Post:Discuss - Topic: - Mechanics and RP - 06/13/2011 - 14:17

From Elanthipedia
Jump to navigation Jump to search
Re:Discuss - Topic: - Mechanics and RP · on 06/13/2011 14:17 678
Many of these posts have been excellent and have delved into the question in a very specific manner. So in my response I'll take the opportunity to dwell on the issue in a broader fashion. I'll bring up four points, starting with the most glib one and working backward toward seriousness.


1:
It takes a serious dedication to postmodernism to invoke The Death of the Author in a conversation with the author.

2:
There is, in fact, a certain level of arbitrariness inherent in the role of worldbuilding. Why is a mountain here but not there? Why is Kssarh angry and not nice? Why not space vampires from Neptune? While one of those might be an intuitive 'no,' consider that all three questions differ in scale rather than kind.

3:
There is a stark difference between Necromancers and PC Necromancers. Necromancers in the broadest term can do any sort of random act of evil that the plot demands; Necromancers summon wailing spirits, create poisons that permanently kill the innocent and sometimes even fight the avatar of Meraud Himself and come out on top.

PCs cannot - must not - do any of these things. As a basic explanation to why PC Necromancers are so limited while NPC Necromancers can still murder you with enchanted textiles, we fall back to a simple but effective DR trope that the guild structure prevents you from learning it. You are specifically a Necromancer from the tradition of the Philosophers, whether your character sticks with them or not, and the Philosophers' bag of tricks was specifically designed to be PC compatible.

4:
Necromancers in the broad term occupy a different ecological niche than the PC Necromancers. "Necromancer" is a code word for Bad Guy in the most fundamental sense. Necromancers in the past have done wildly misanthropic stuff simply because They're Evil. Nobody cares about the feasibility of Sidhlot's portrayal of evil. That's not the point. He's older than dragons and so metal he poops viking helmets.

But the Necromancer's Guild is by necessity a look at the bad guys' side, and Sauron only works as villain as an archetypal role rather than a meaningful character. A Pure Evil character ran by a PC for entertainment would either be a masterful RP experiment or uncomfortably suggestive of the psychological issues being worked out. For this to work, there had to be sympathy for the devil, so my very first problem to solve was 'How do I make Necromancers sympathetic enough that we could imagine a real, live individual doing this?'

The Philosophers were my answer. The Philosophy promises you reprieve from death (note that I started inserting more real-life features of death into DR at this time), freedom from the contingencies of the world, the ability to be your own man.
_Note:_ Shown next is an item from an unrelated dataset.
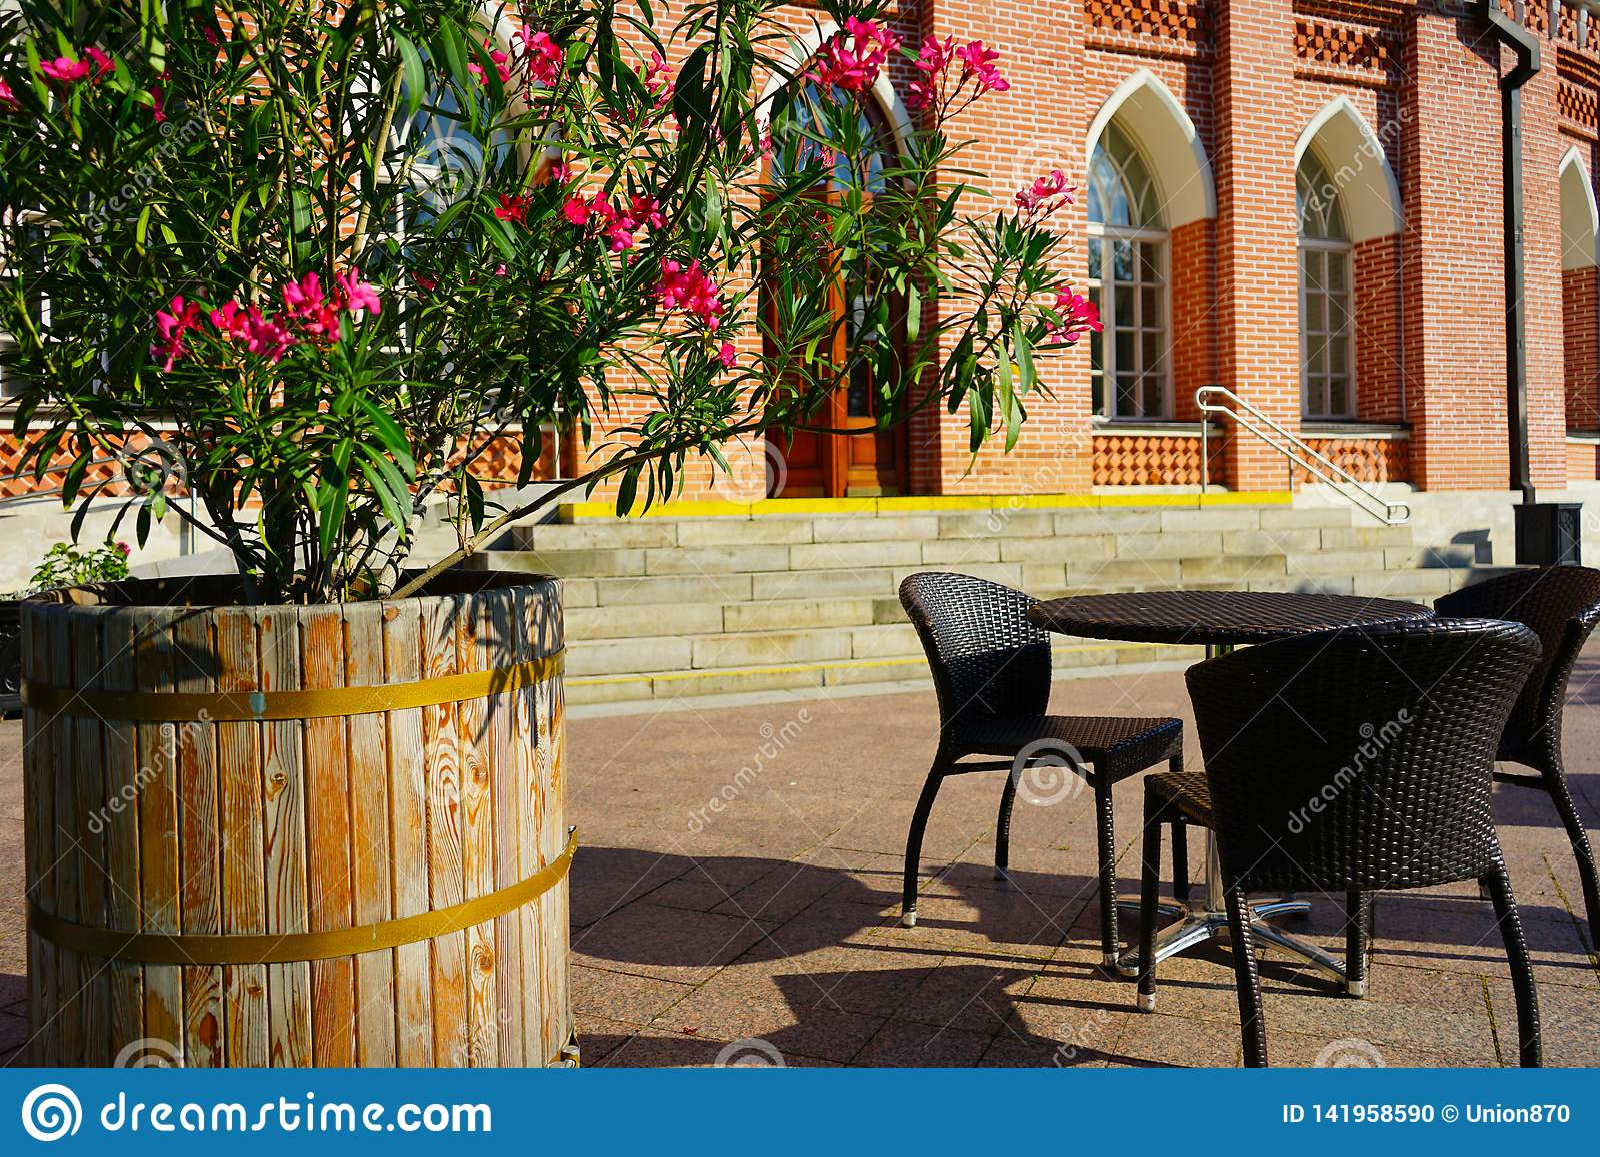 Καφές θερινών οδών με τα λουλούδια στο υπόβαθρο του ιστορικού κτηρίου

I designed the spiel appeal to most of our basic anxieties about life and touch on the dream of posthumanism and the glorification of mankind through his skill and technology. In not always subtle ways, the Philosophers came to embody 20th century philosophy and scientism. The Philosophers are doing, in a fantasy parody, what Western society enshrines as good and proper goals.

So the stage was set. All that stands between you and glorifying mankind is the evil you will do in its name.

This is, once again, a remarkably different role than what Sidhlot or Velmix brought to the table. The Old Man doesn't talk to Sidhlot, nor did the Hounds of Rutilor burn entire villages to root out a single Bone Elf. In a direct sense because the Bone Elves are not connected with the Great Work, but also because their portrayal of evil is outside the portrayal of evil we're using. The drama of the PC Necromancer -- the pogroms, the murmurs of conspiring otherworldly forces, the entwining moral evils from both sides, and the hints of transcendental glory -- is set in the foundation that the Philosophers bring to the setting.

So it is a requirement that, while your PC can love them or hate them, stay or leave, be a blubbering sycophant to Book or try to manipulate him for your own ends, you cannot be disconnected from them.

-Armifer

This message was originally posted in The Necromancers \ Roleplaying the Necromancer, by DR-ARMIFER on the play.net forums.